For metrics like error rates where absolute values vary across services, comparing the current value against a moving average of recent history can be more intuitive. If the current value is 5x the recent average, something is wrong, regardless of the absolute number.

CREATE MATERIALIZED VIEW error_rate_anomalies AS
SELECT
    service_name,
    host_id,
    metric_value AS current_error_rate,
    recorded_at,
    AVG(metric_value) OVER w AS moving_avg,
    CASE
        WHEN AVG(metric_value) OVER w > 0 AND COUNT(*) OVER w >= 3 THEN
            metric_value / AVG(metric_value) OVER w
        ELSE NULL
    END AS ratio_to_baseline
FROM service_metrics
WHERE metric_type = 'error_rate'
WINDOW w AS (
    PARTITION BY service_name, host_id
    ORDER BY recorded_at
    ROWS BETWEEN 5 PRECEDING AND 1 PRECEDING
);

Query the anomalies:

SELECT
    service_name,
    current_error_rate,
    ROUND(moving_avg::numeric, 4) AS moving_avg,
    ROUND(ratio_to_baseline::numeric, 1) AS ratio,
    CASE
        WHEN ratio_to_baseline IS NULL THEN 'warming_up'
        WHEN ratio_to_baseline > 5 THEN 'ANOMALY'
        ELSE 'normal'
    END AS status,
    recorded_at
FROM error_rate_anomalies
ORDER BY recorded_at;

Output (verified on RisingWave 2.8.0):

  service_name   | current_error_rate | moving_avg | ratio |   status
-----------------+--------------------+------------+-------+------------
 payment-service |               0.02 |            |       | warming_up
 payment-service |               0.01 |       0.02 |       | warming_up
 payment-service |               0.03 |      0.015 |       | warming_up
 payment-service |               0.02 |       0.02 |   1.0 | normal
 payment-service |               0.01 |       0.02 |   0.5 | normal
 payment-service |               0.02 |      0.018 |   1.1 | normal
 payment-service |              0.015 |      0.018 |   0.8 | normal
 payment-service |              0.025 |      0.019 |   1.3 | normal
 payment-service |               0.35 |      0.018 |  19.4 | ANOMALY
 payment-service |               0.42 |      0.084 |   5.0 | normal
 payment-service |               0.38 |      0.166 |   2.3 | normal
 payment-service |               0.03 |      0.238 |   0.1 | normal
 payment-service |               0.02 |      0.241 |   0.1 | normal

The error rate jump to 0.35 (35%) is 19.4x the recent moving average of 0.018 (1.8%), clearly flagged as anomalous. This ratio-based approach works well when different services have different normal error rates, since the comparison is relative, not absolute.

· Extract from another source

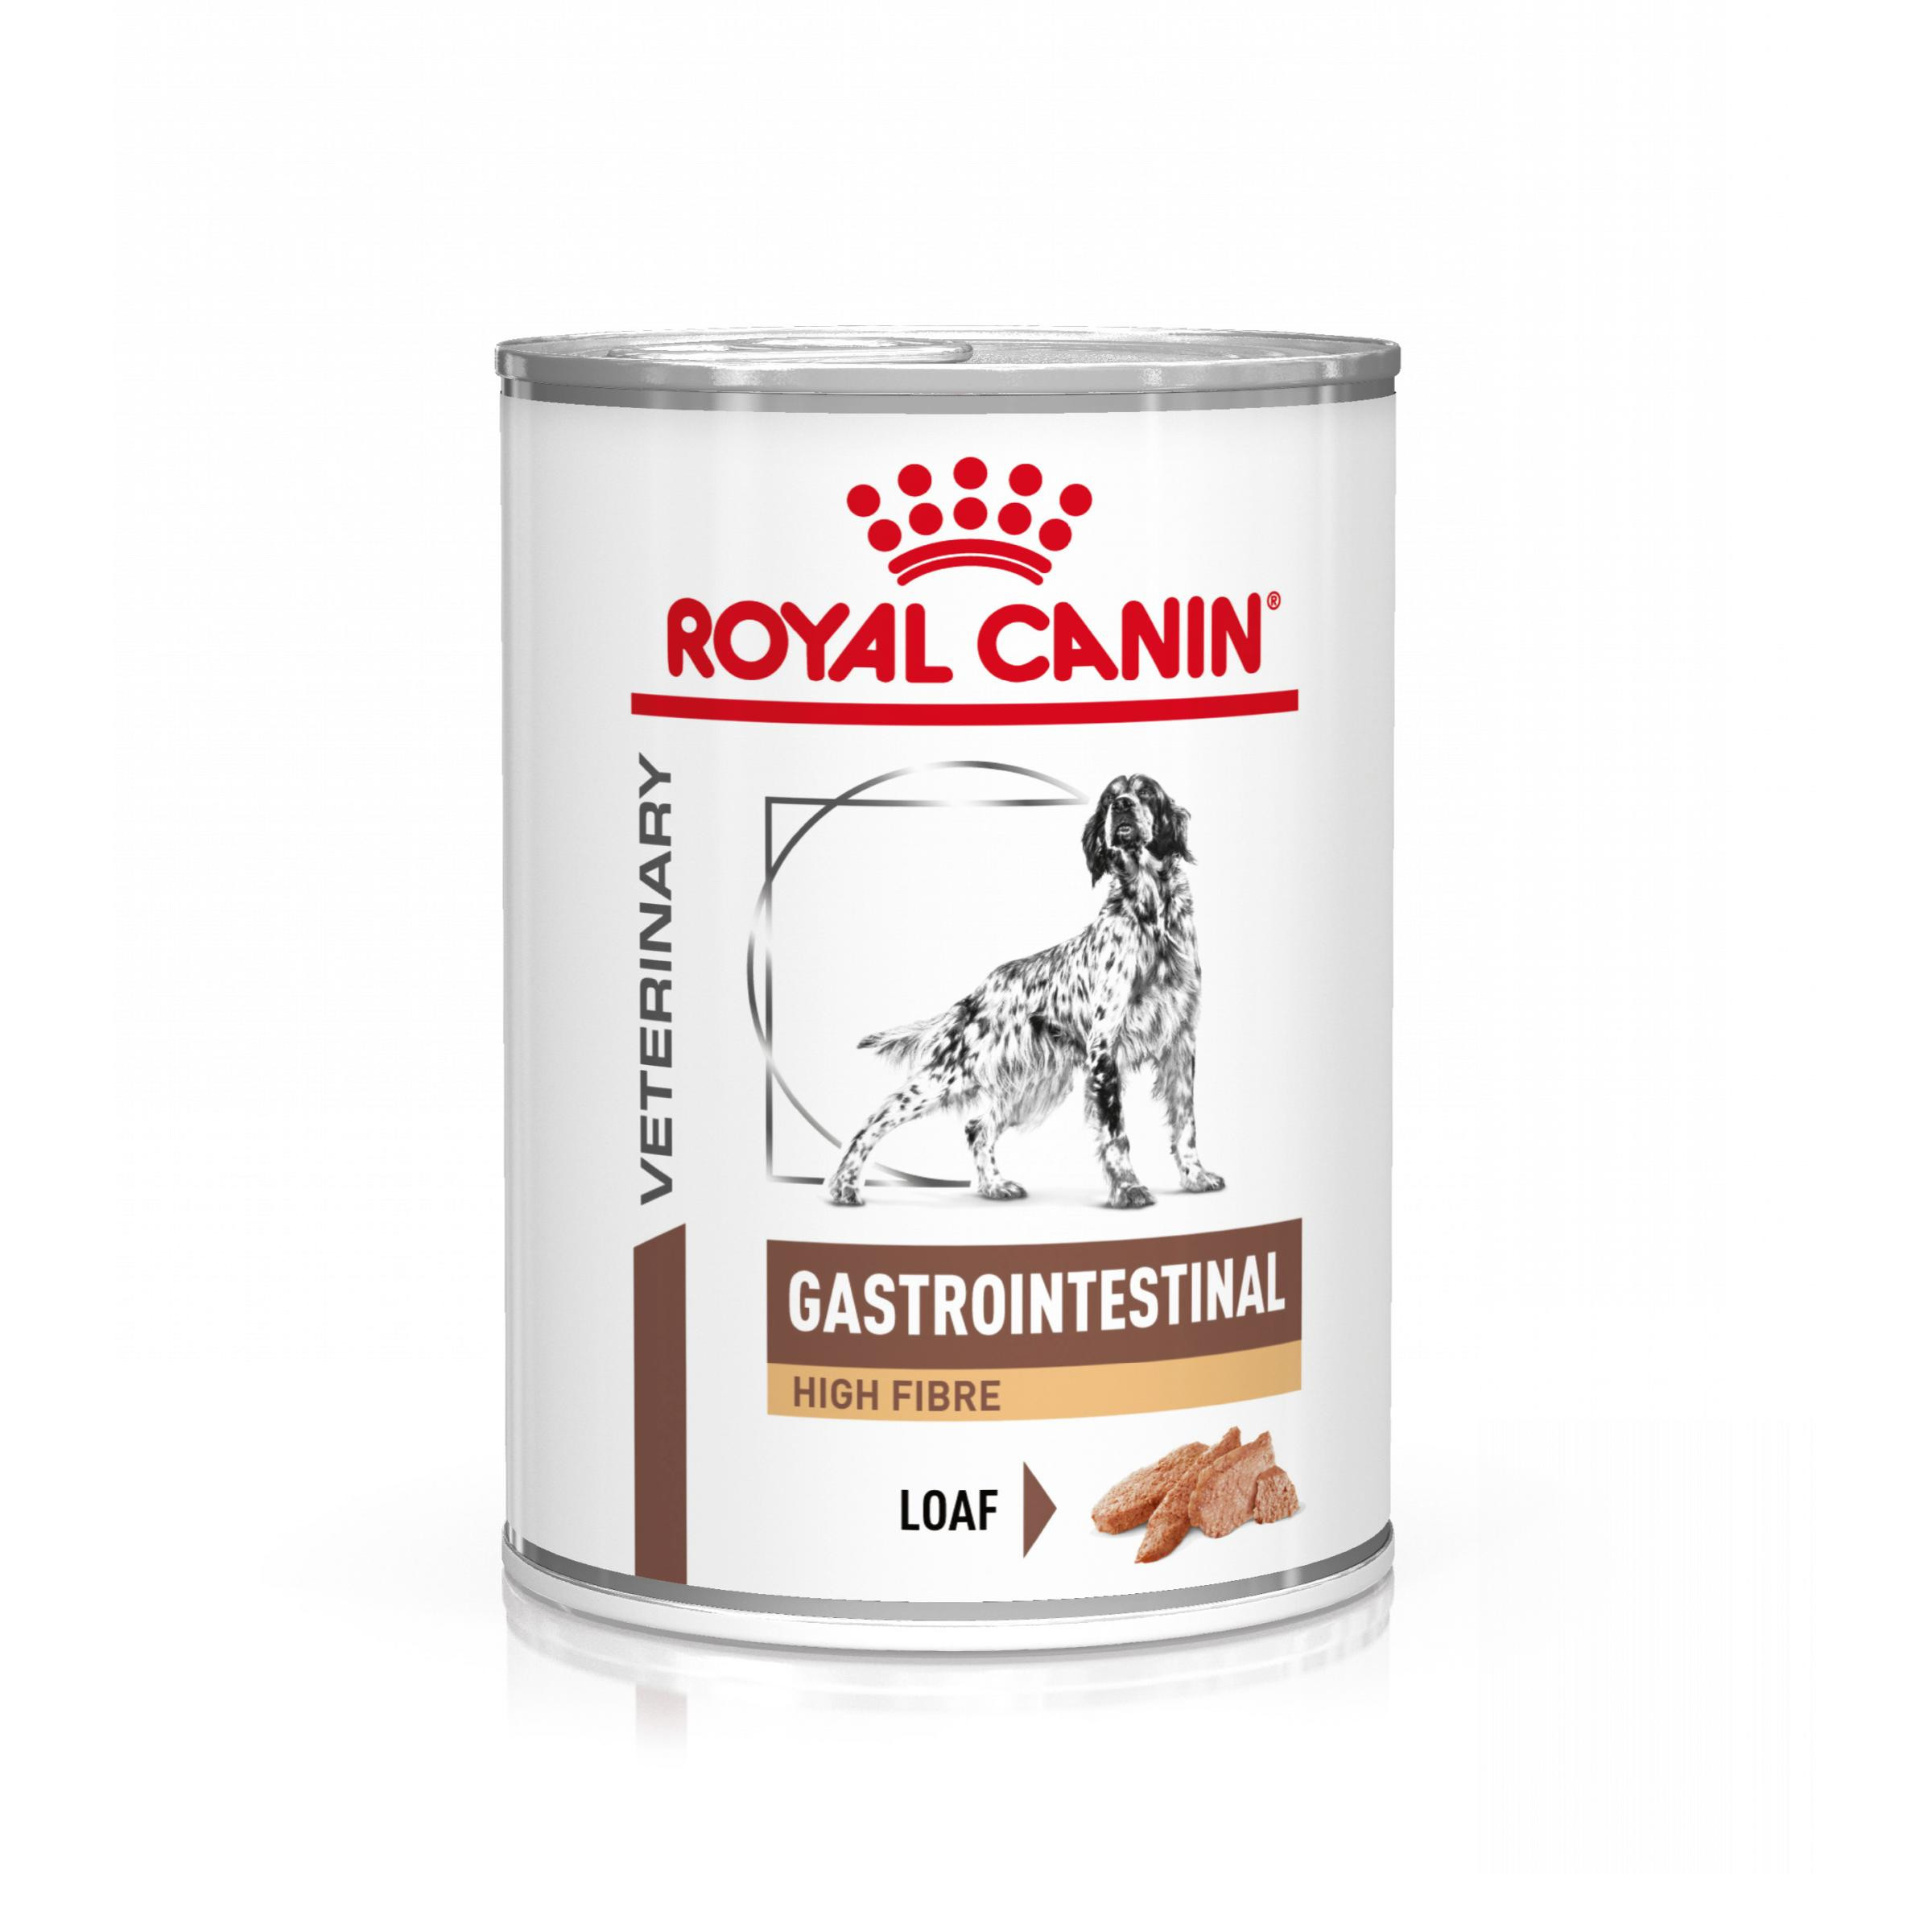 Immagine di 4 confezioni (48 x 410 g) Royal Canin Veterinary Gastrointestinal High Fibre cibo umido per cane

Technique 4: Rate-of-change detection

The previous techniques detect sudden spikes. But what about gradual anomalies, like a memory leak that slowly pushes CPU from 35% to 95% over several minutes? Each individual reading might look normal compared to the one before it, but the trend is clearly pathological.

Rate-of-change detection uses the LAG window function to compare each value against its predecessor:

CREATE MATERIALIZED VIEW rate_of_change AS
SELECT
    service_name,
    host_id,
    metric_value AS current_value,
    recorded_at,
    LAG(metric_value) OVER w AS previous_value,
    CASE
        WHEN LAG(metric_value) OVER w > 0 THEN
            ROUND(((metric_value - LAG(metric_value) OVER w)
                / LAG(metric_value) OVER w * 100)::numeric, 1)
        ELSE NULL
    END AS pct_change
FROM service_metrics
WHERE metric_type = 'cpu_percent'
WINDOW w AS (
    PARTITION BY service_name, host_id
    ORDER BY recorded_at
);

Query the results:

SELECT
    service_name,
    current_value,
    previous_value,
    pct_change,
    CASE
        WHEN pct_change IS NULL THEN 'no_baseline'
        WHEN ABS(pct_change) > 30 THEN 'RAPID_CHANGE'
        ELSE 'normal'
    END AS status,
    recorded_at
FROM rate_of_change
ORDER BY recorded_at;

Output (verified on RisingWave 2.8.0):

 service_name | current_value | previous_value | pct_change |    status
--------------+---------------+----------------+------------+--------------
 auth-service |            35 |                |            | no_baseline
 auth-service |          38.2 |             35 |        9.1 | normal
 auth-service |          36.5 |           38.2 |       -4.5 | normal
 auth-service |          37.1 |           36.5 |        1.6 | normal
 auth-service |            39 |           37.1 |        5.1 | normal
 auth-service |          34.8 |             39 |      -10.8 | normal
 auth-service |          36.9 |           34.8 |        6.0 | normal
 auth-service |          37.5 |           36.9 |        1.6 | normal
 auth-service |            55 |           37.5 |       46.7 | RAPID_CHANGE
 auth-service |            68 |             55 |       23.6 | normal
 auth-service |            82 |             68 |       20.6 | normal
 auth-service |            91 |             82 |       11.0 | normal
 auth-service |            95 |             91 |        4.4 | normal

The jump from 37.5% to 55% (a 46.7% increase) triggers the RAPID_CHANGE alert. Subsequent increases (55 to 68, 68 to 82) are smaller percentage changes individually, but the threshold alert from Technique 1 catches those when they cross 80%. This is why combining multiple detection methods is important: each one covers a different blind spot.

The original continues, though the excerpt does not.